### DATA SHOWN
*** Begin section ***

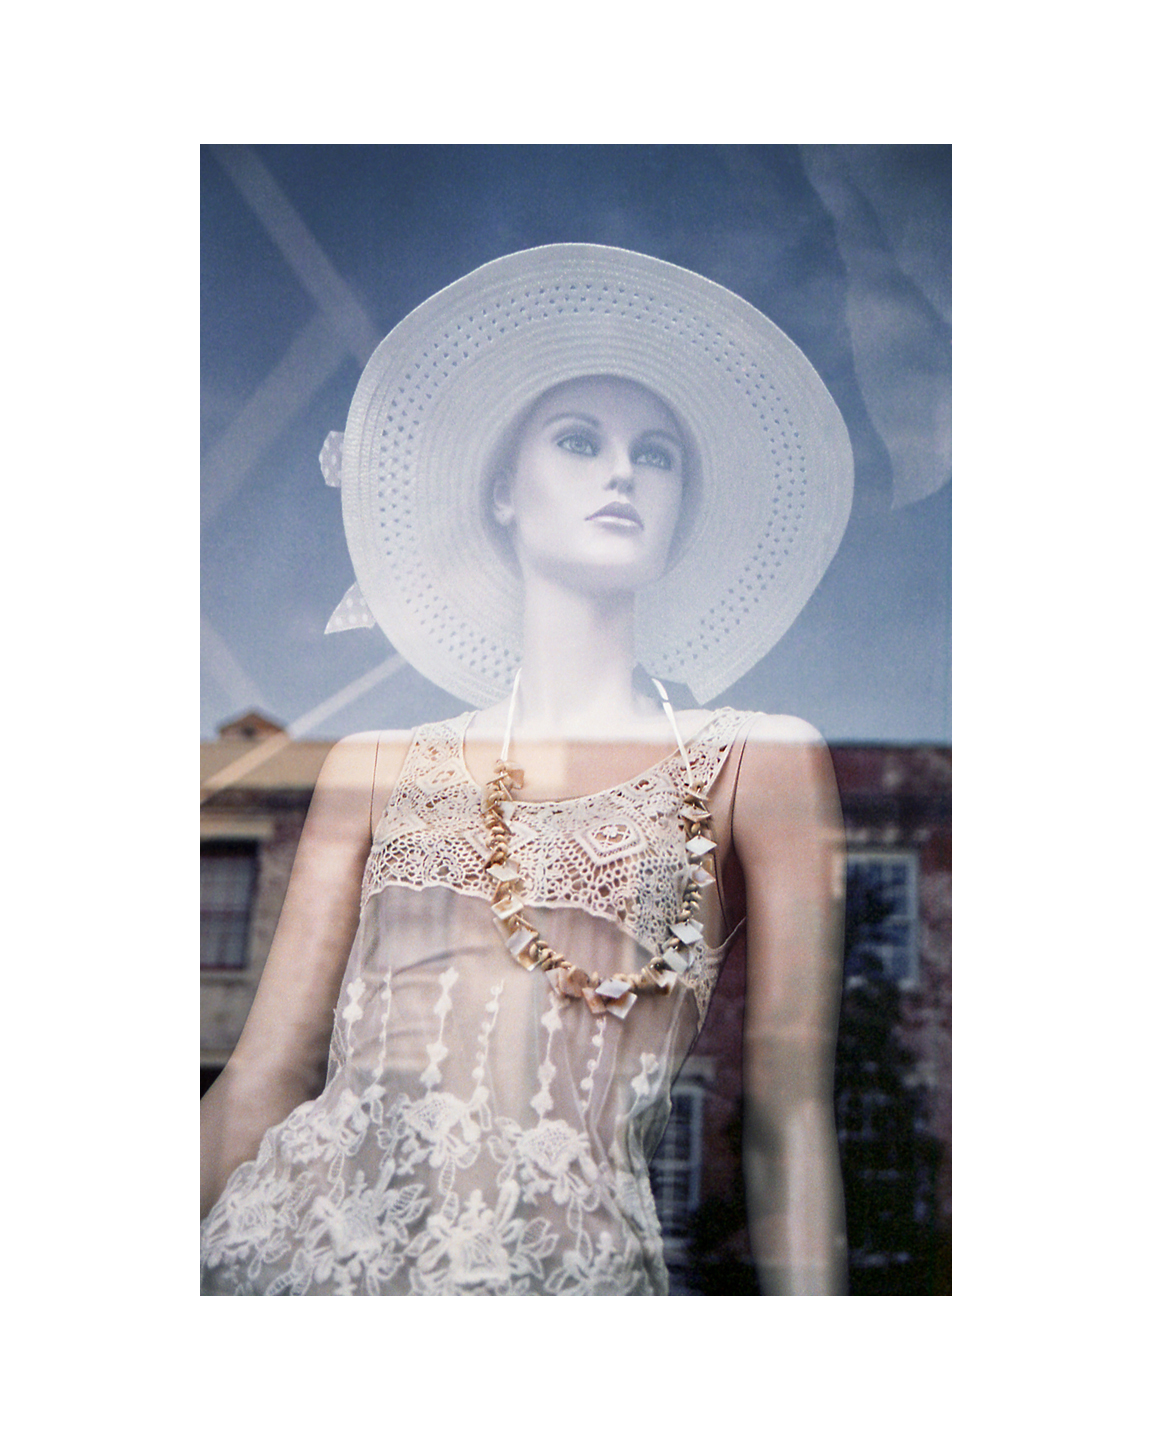 White Hat on Broughton Street - Savannah, GA
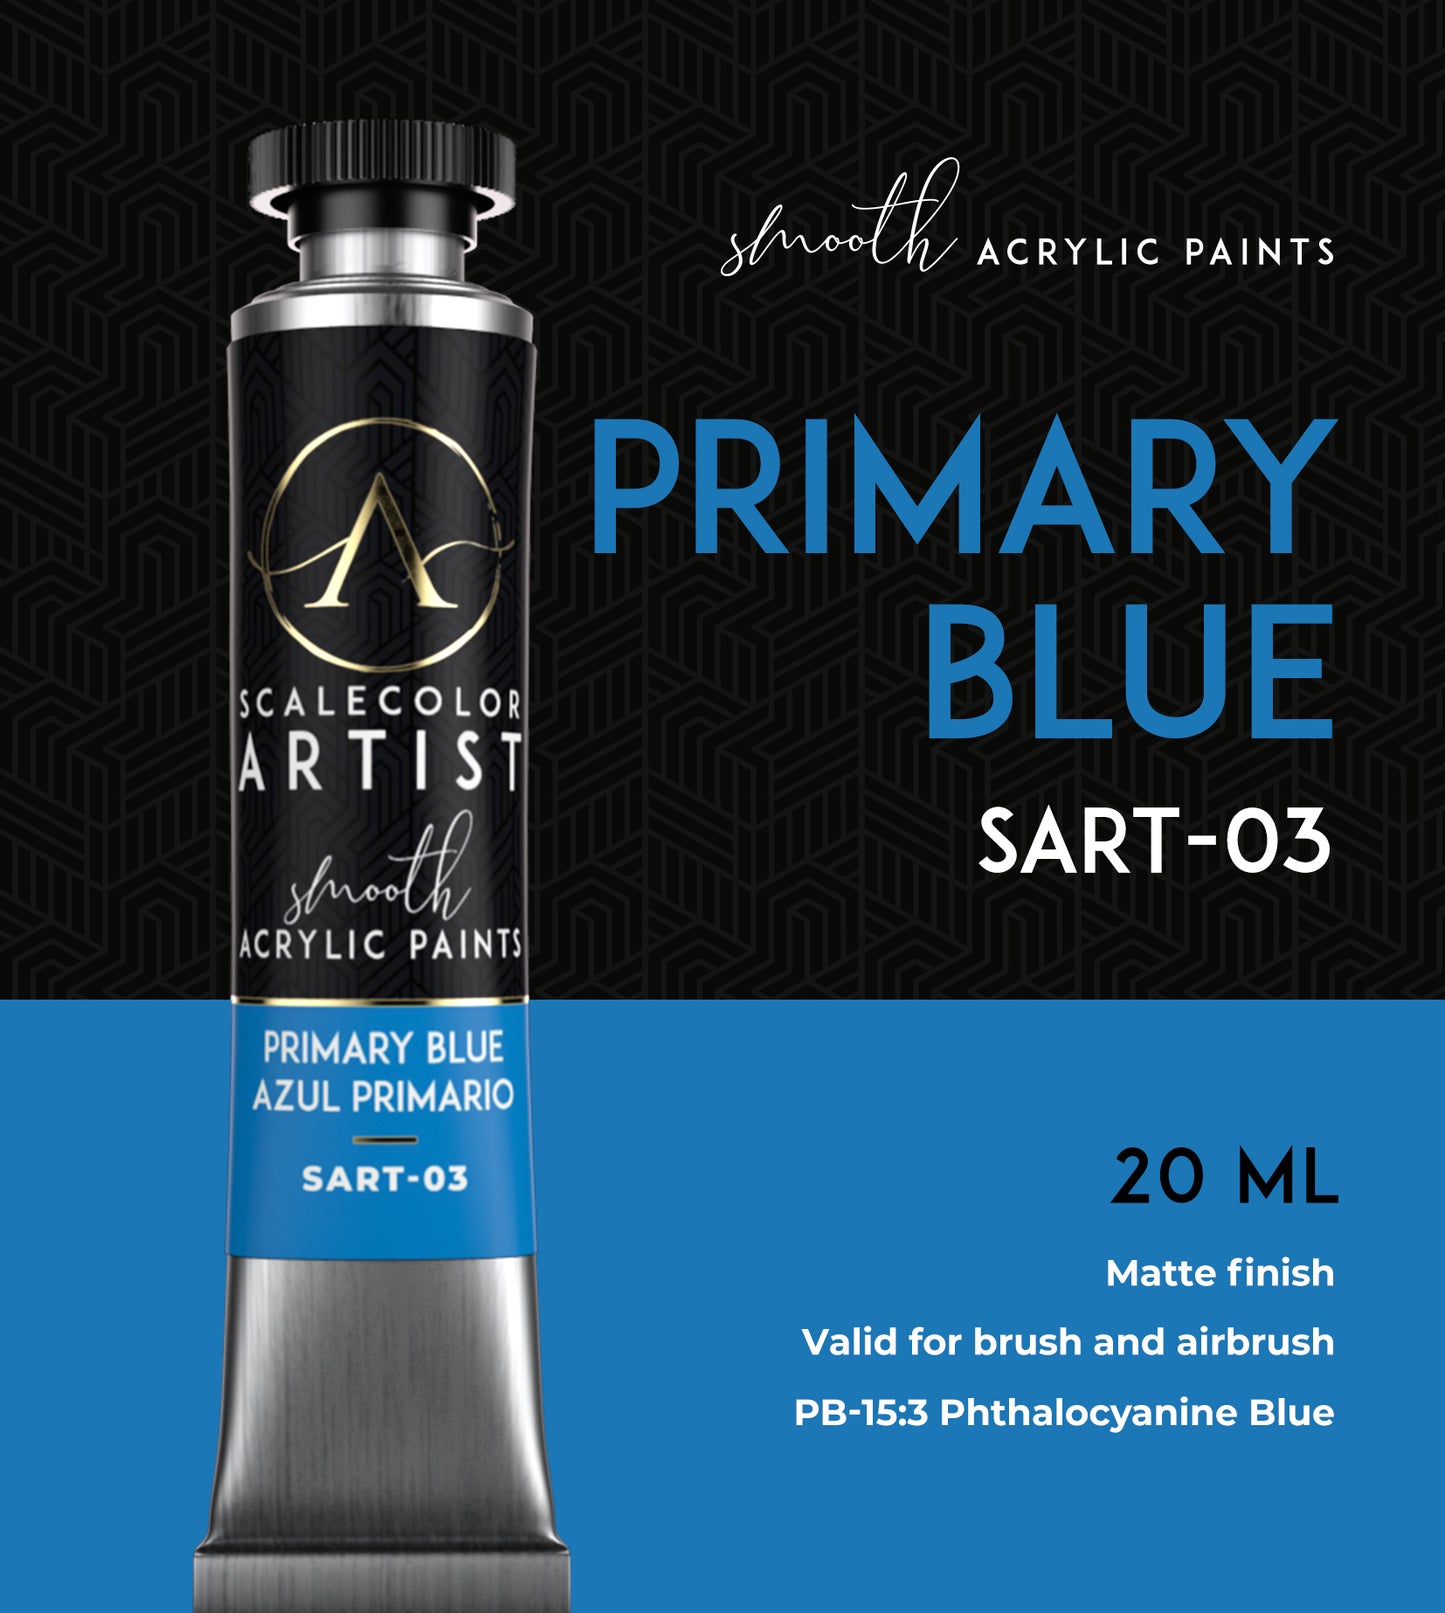 PRIMARY BLUE
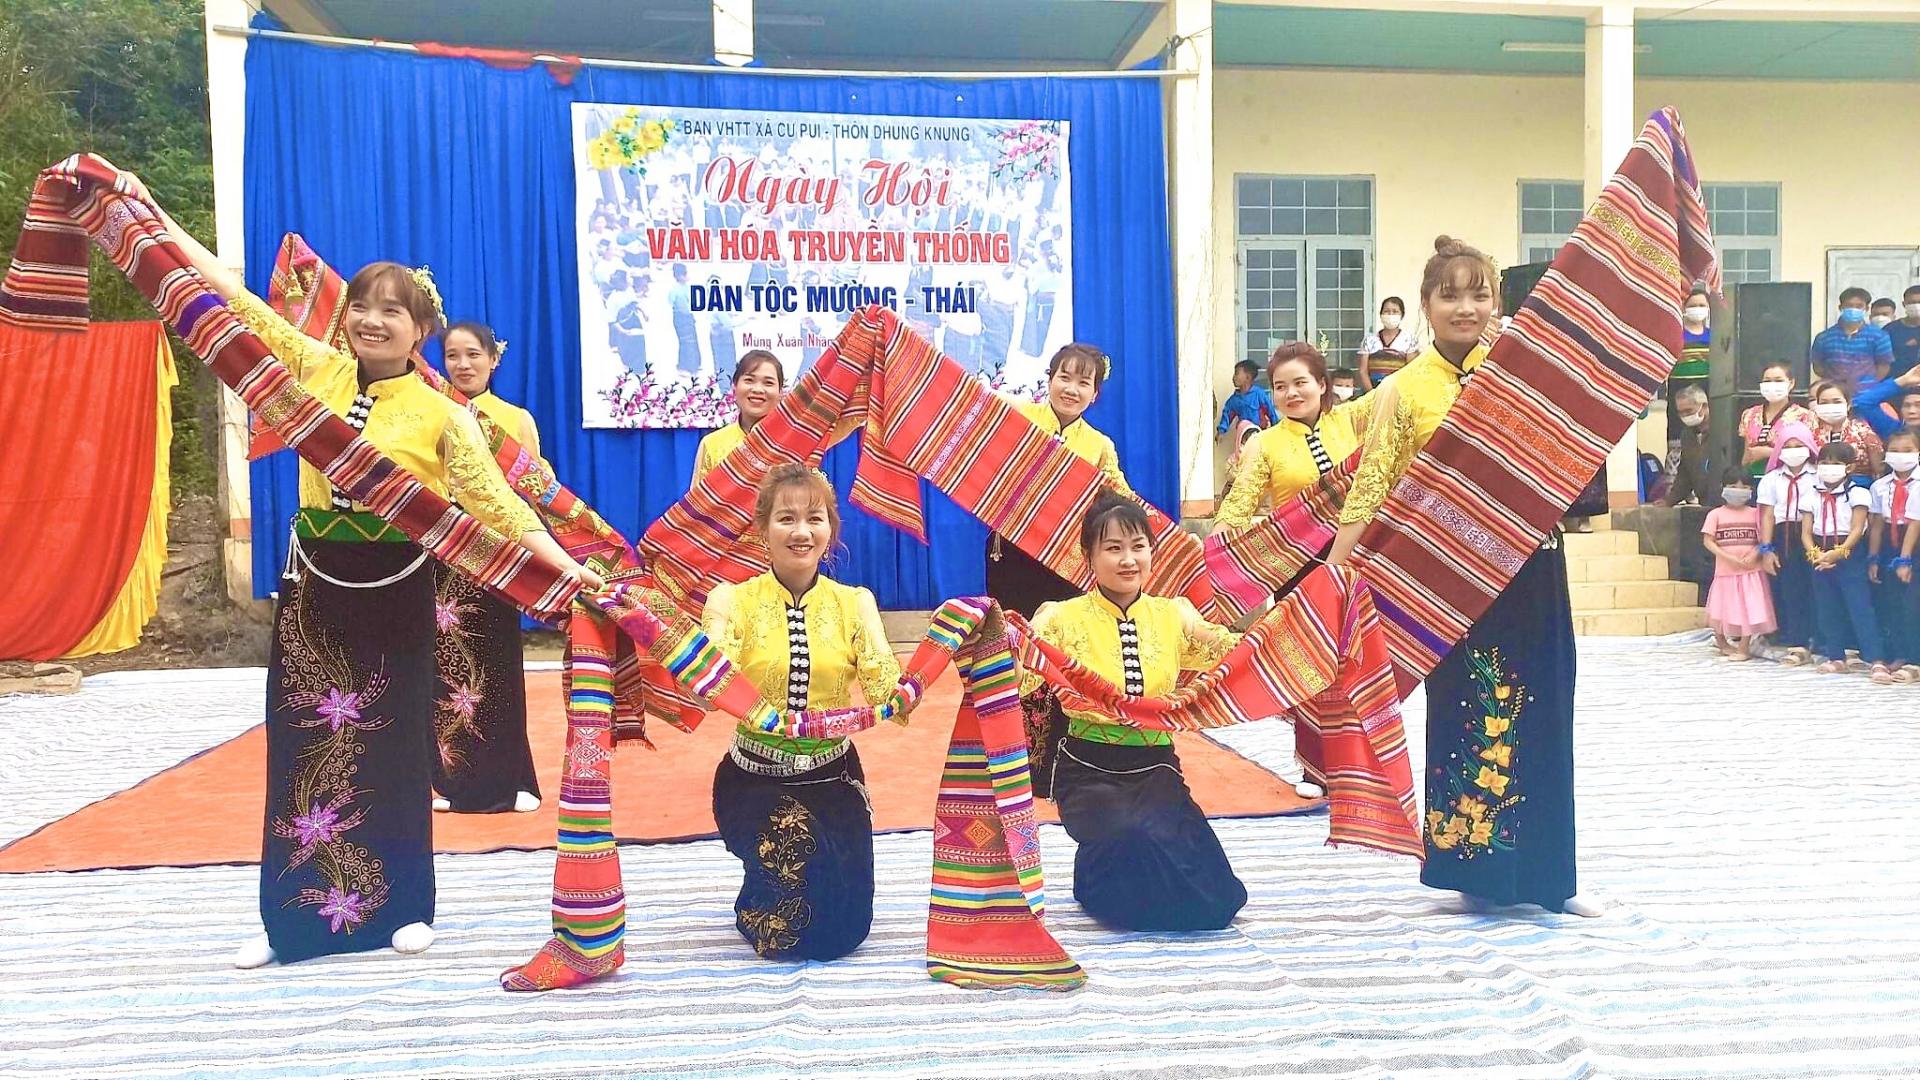 Gìn giữ văn hóa dân tộc Mường, Thái trên quê hương mới

*** End section ***

### WHAT YOU SHOULD DO
In the copy, keep every line of the data above exactly and drop each picture.

### FINISHED TASK
 White Hat on Broughton Street - Savannah, GA
 PRIMARY BLUE
 Gìn giữ văn hóa dân tộc Mường, Thái trên quê hương mới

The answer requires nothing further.